Ein Vordenker, der aneckt

Hannes Neupert eckt an und provoziert. Doch hinter den lauten Worten, die oft leise vorgetragen werden, steckt ein Vordenker der E-Bike-Szene, der viele aktuelle ­Entwicklungen schon vor langer Zeit vorhergesehen hat.

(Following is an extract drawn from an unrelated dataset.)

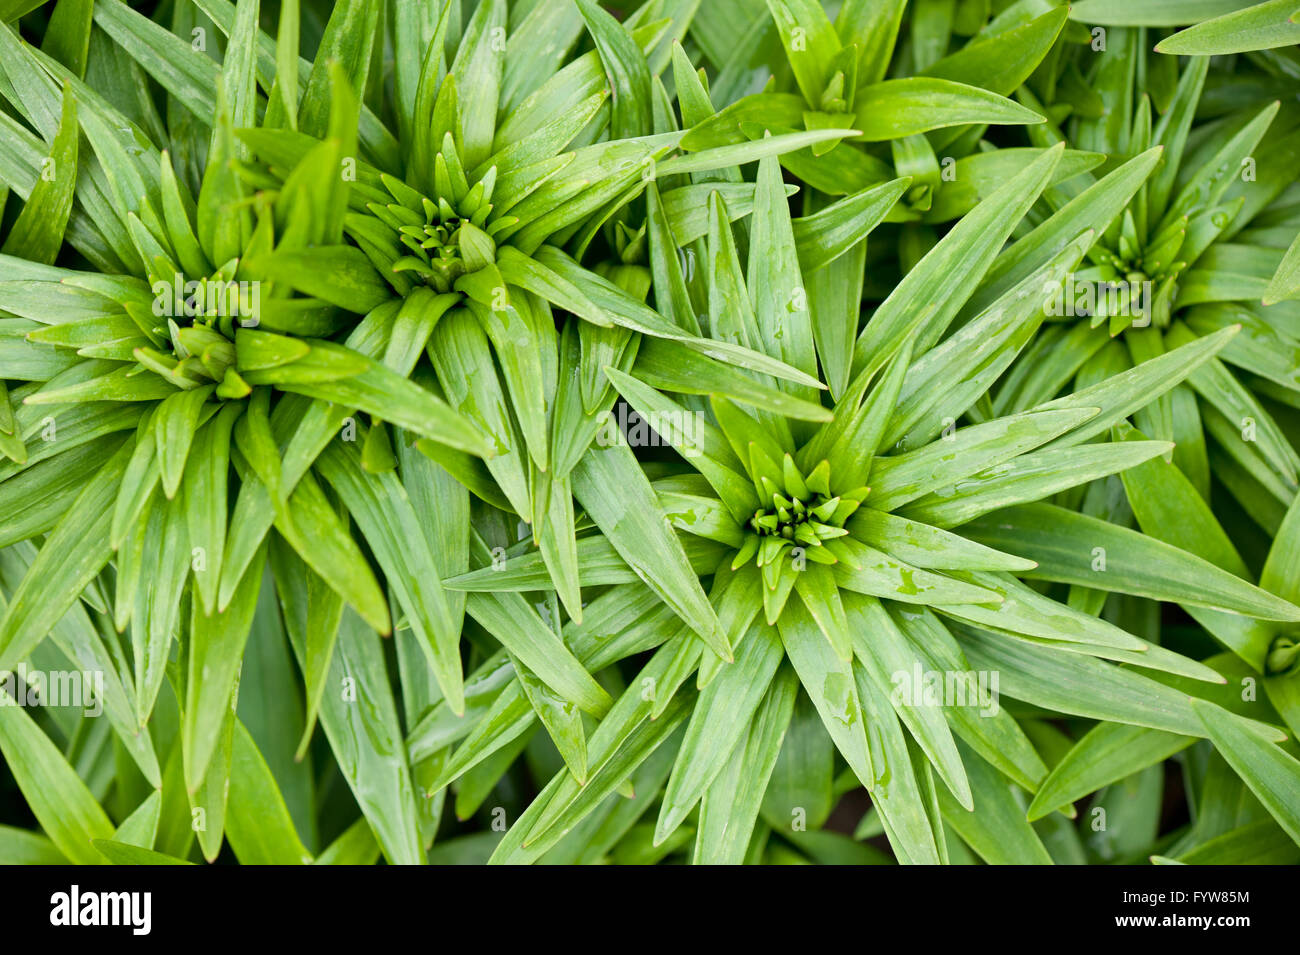 Sprouting Lilium leaves rosettes macro, wet Lily plants green fresh foliage with raindrops grow in spring in Poland, Europe. Stock Photo

Hannes Neupert spricht leise, wenn er so am Besprechungstisch sitzt. Man müsste meinen, er sei ein schüchterner Mensch. Wenn man ihn zum ersten Mal trifft, wirkt er zurückhaltend, sein äußeres Erscheinungsbild im rostfarbenen Pullover über dem hellblauen Hemd unauffällig. Doch Neupert haut gerne einen raus, provoziert, sendet Botschaften, die andere Marktteilnehmer piesacken. Hannes Neupert mag von Natur aus kein Charismatiker sein, aber er brennt für seine Mission und geht sicher, dass seine Botschaft ankommt. Es stört ihn nicht, wenn eine Mitarbeiterin aus Platzmangel beim Gespräch mit am Konferenztisch sitzt und ihrer Arbeit nachgeht, ganz im Gegenteil. Neupert spricht: über sich, über seine Ziele, über das große Ganze. Sein Blick wandert zum Aufnahmegerät, als wollte er sichergehen, dass nicht nur der Reporter im Raum, sondern auch die Welt da draußen seine Denkanstöße mitbekommt. Neupert mag leise sprechen, aber seine Worte sollen ihr Ziel erreichen.
Besuch bei Hannes Neupert, 42, den viele als wichtigsten Missionar der Elektrofahrradbranche zumindest in Deutschland beschreiben. Nach eigener, aber nie bestrittener Aussage war er es, der 1992 die erste deutschsprachige Marktübersicht über Elektrofahrräder veröffentlichte. Rod Keech, ein Veteran der Autoindustrie und heute Vorsitzender des Hybridtechnologieunternehmens Nexxtdrive, sieht in Neupert den »größten Evangelisten unserer Branche«. Seit mehr als zwei Jahrzehnten widmet sich Neupert nicht nur dem Test neuer elektrisch angetriebener Fahrräder, sondern treibt als Vorsitzender von Extra­Energy e.V. »die Verbreitung und nachhaltige Entwicklung von Leicht-Elektro-Fahrzeugen« voran, wie es in der Selbstdarstellung des Vereins heißt. Neupert ist ein international gefragter Fachmann, sein Netzwerk ist global, engmaschig und prominent. Er leitet und arbeitet in Expertengremien, die sich mit der Standardisierung der neuen Technologien beschäftigen.
Er jettet um die Welt, um seine Mission voranzutreiben.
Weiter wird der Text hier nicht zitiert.